Sur ce, il ressort des pièces versées aux débats que la salariée a bien consulté un médecin le jour même de l’accident qui a donc établi le certificat médical initial le 7 juin 2023 ;
Néanmoins, il n’est pas justifié à cette date d’un arrêt de travail puisque dans la déclaration d’accident du travail il est coché « SANS ARRET DE TRAVAIL » et que le premier avis d’arrêt de travail n’est qu’en date du 28 juillet 2023 soit, comme le soutient l’employeur, plus d’un mois et demi après l’accident et que le « traumatisme poignet G » constaté le 7 juin 2023, n’a donc pas empêché la salariée à continuer à travailler sur une période conséquente de plus d’un mois et demi.

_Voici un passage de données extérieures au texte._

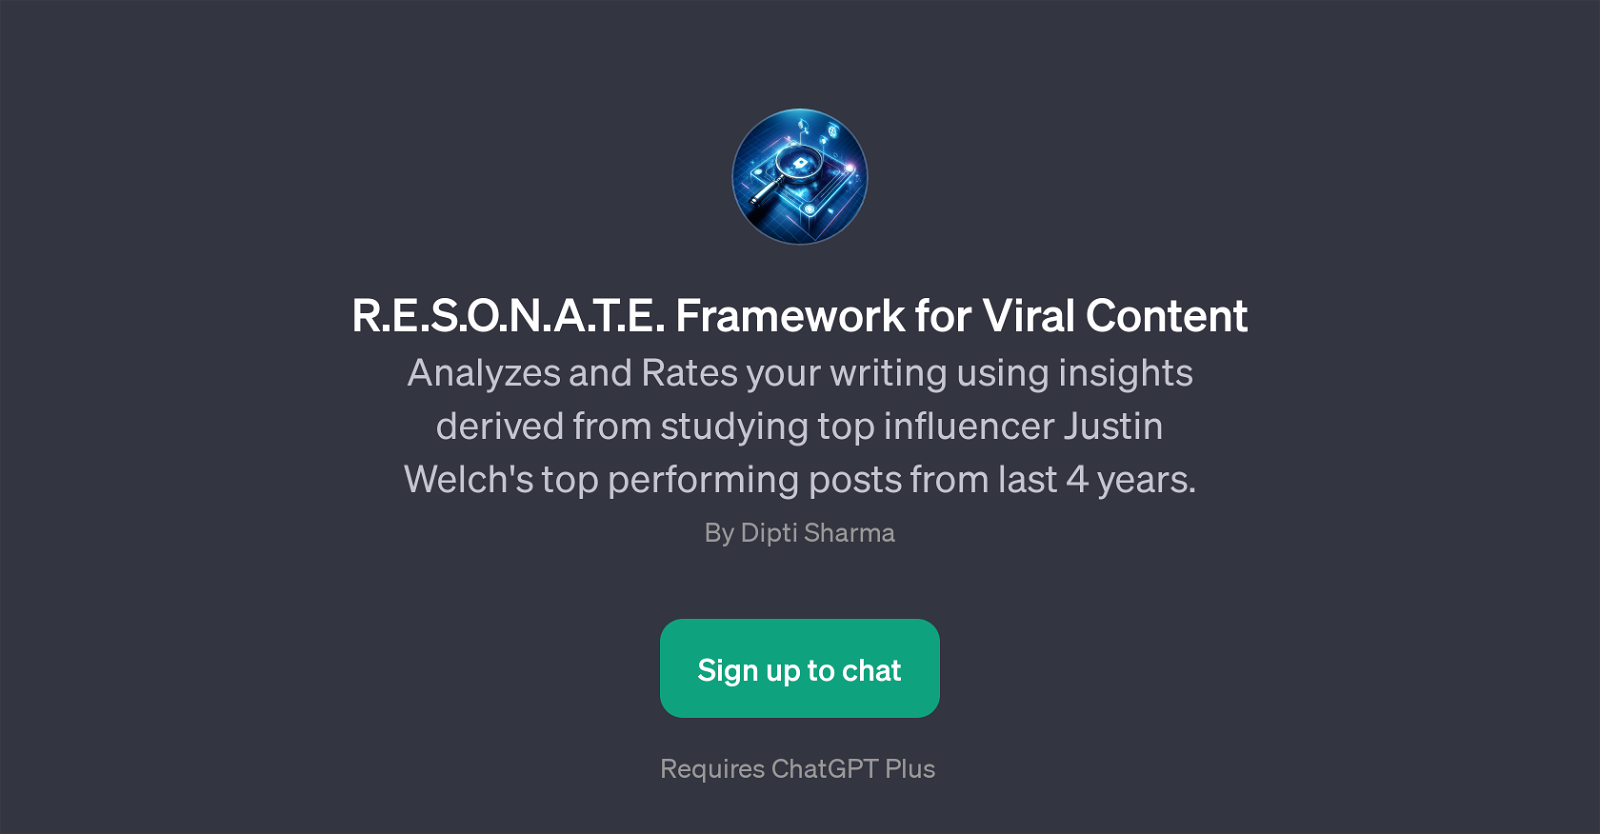 R.E.S.O.N.A.T.E. Framework for Viral Content website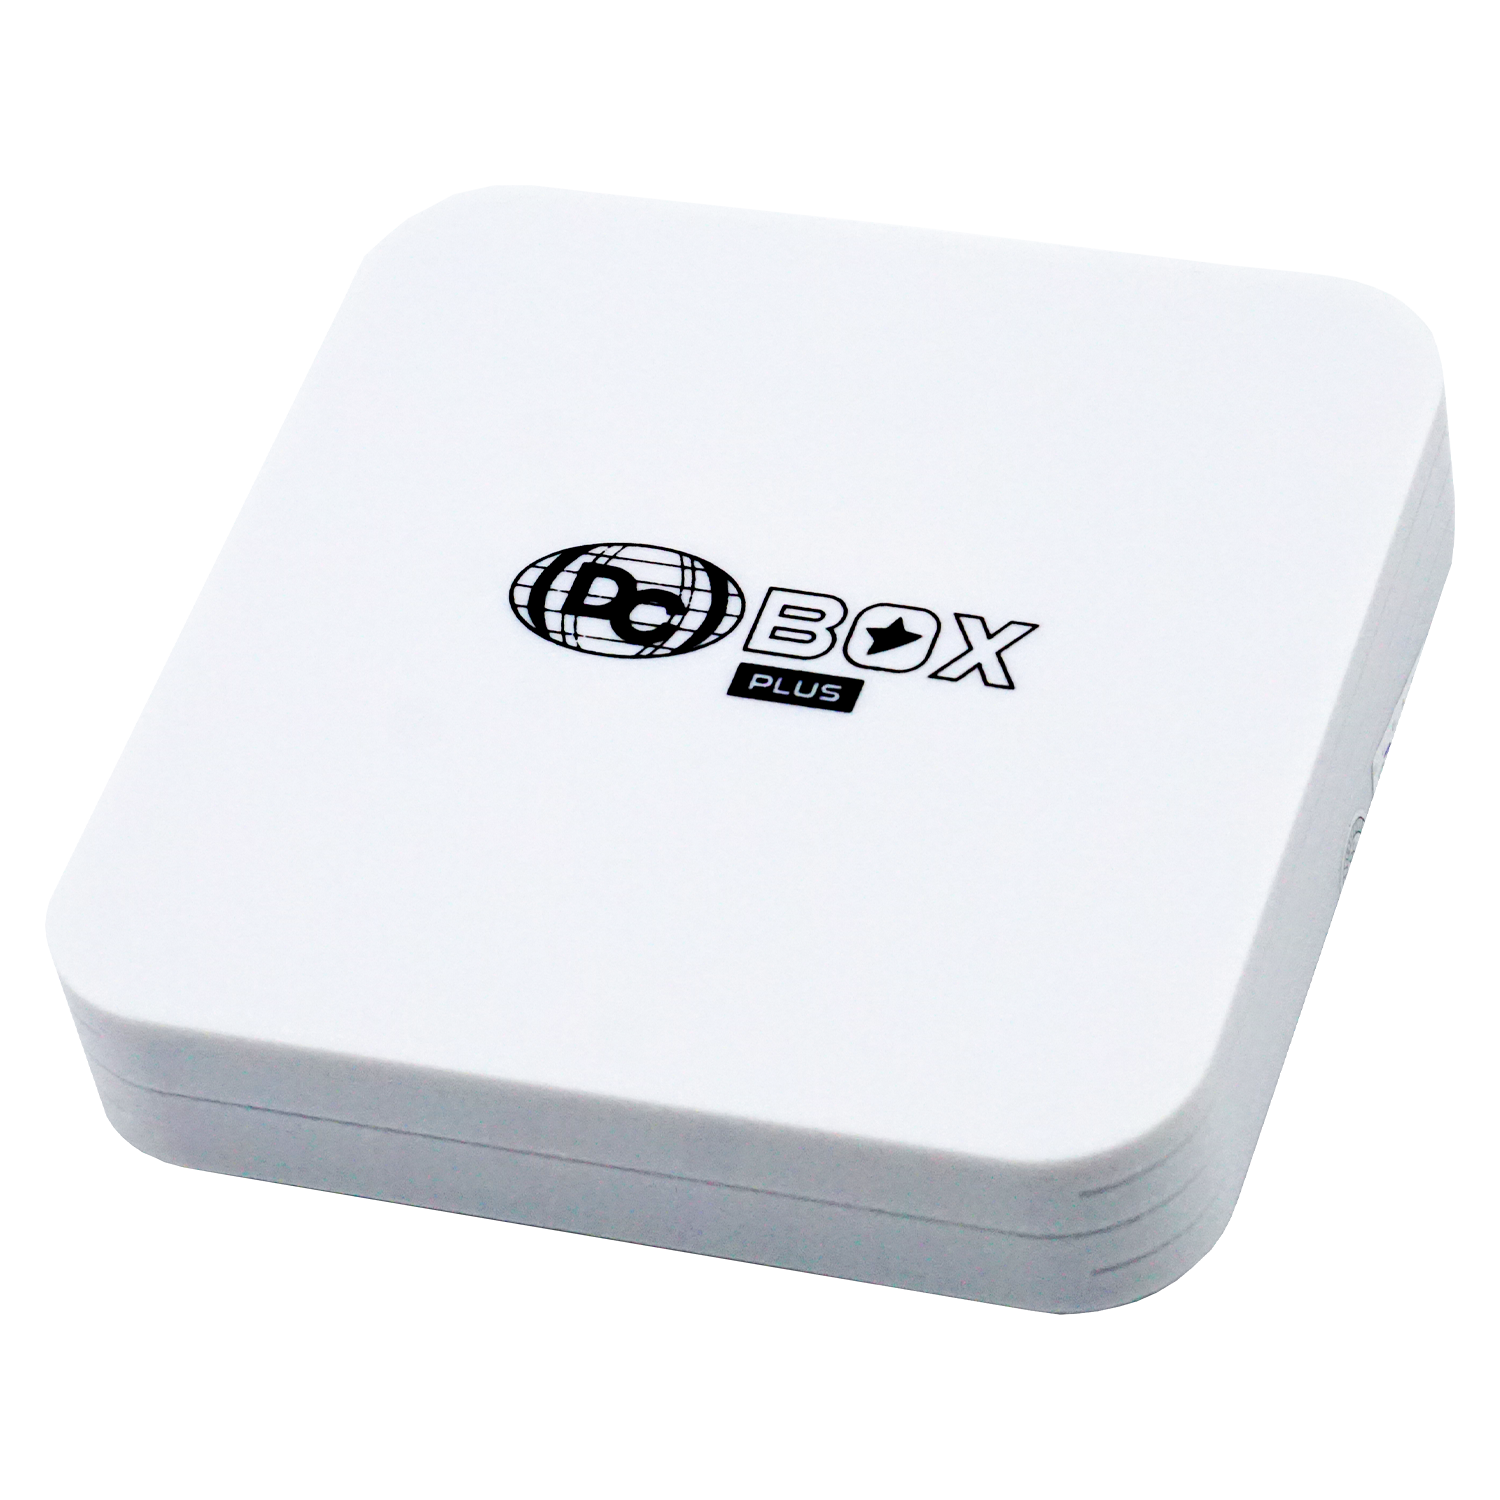 Receptor TV Box DC Box Plus 32GB / 256GB / Android 10.1 5G - Branco

Surtout, pour que joue la présomption d’imputabilité des lésions apparues à la suite d’un accident du travail ou d’une maladie professionnelle, il faut qu’un arrêt de travail ait été initialement prescrit ou que le certificat médical initial d’accident du travail soit assorti d’un arrêt de travail, ce qui n’est pas le cas en l’espèce, le premier arrêt de travail n’intervenant qu’un mois et demi plus tard au 28 juillet 2023.
Compte tenu de ces éléments, les soins et arrêts de travail prescrits à Madame [D] [H] à la suite de l’accident du travail du 7 juin 2023 sont déclarés inopposables à la société [9].
PAR CES MOTIFS
Le Tribunal, statuant par mise à disposition au greffe en application des dispositions de l’article 450 du code de procédure civile, par jugement contradictoire et en premier ressort ;
Reçoit le recours de la SAS [9] prise en la personne de son représentant légal en exercice et le dit fondé ;
Déclare inopposable à la [9] prise en la personne de son représentant légal en exercice l’ensemble des soins et arrêts de travail dont a bénéficié Mme [D] [H] au titre de son accident de travail survenu le 7 juin 2023 ;
Condamne la [3] aux dépens ;
Déboute les parties de leurs autres demandes plus amples ou contraires.
Ainsi jugé et prononcé à [Localité 8] le 10 décembre 2025, la minute étant signée par Mme Agnès BOTELLA, présidente, et Mme Sadia RACHID, greffière.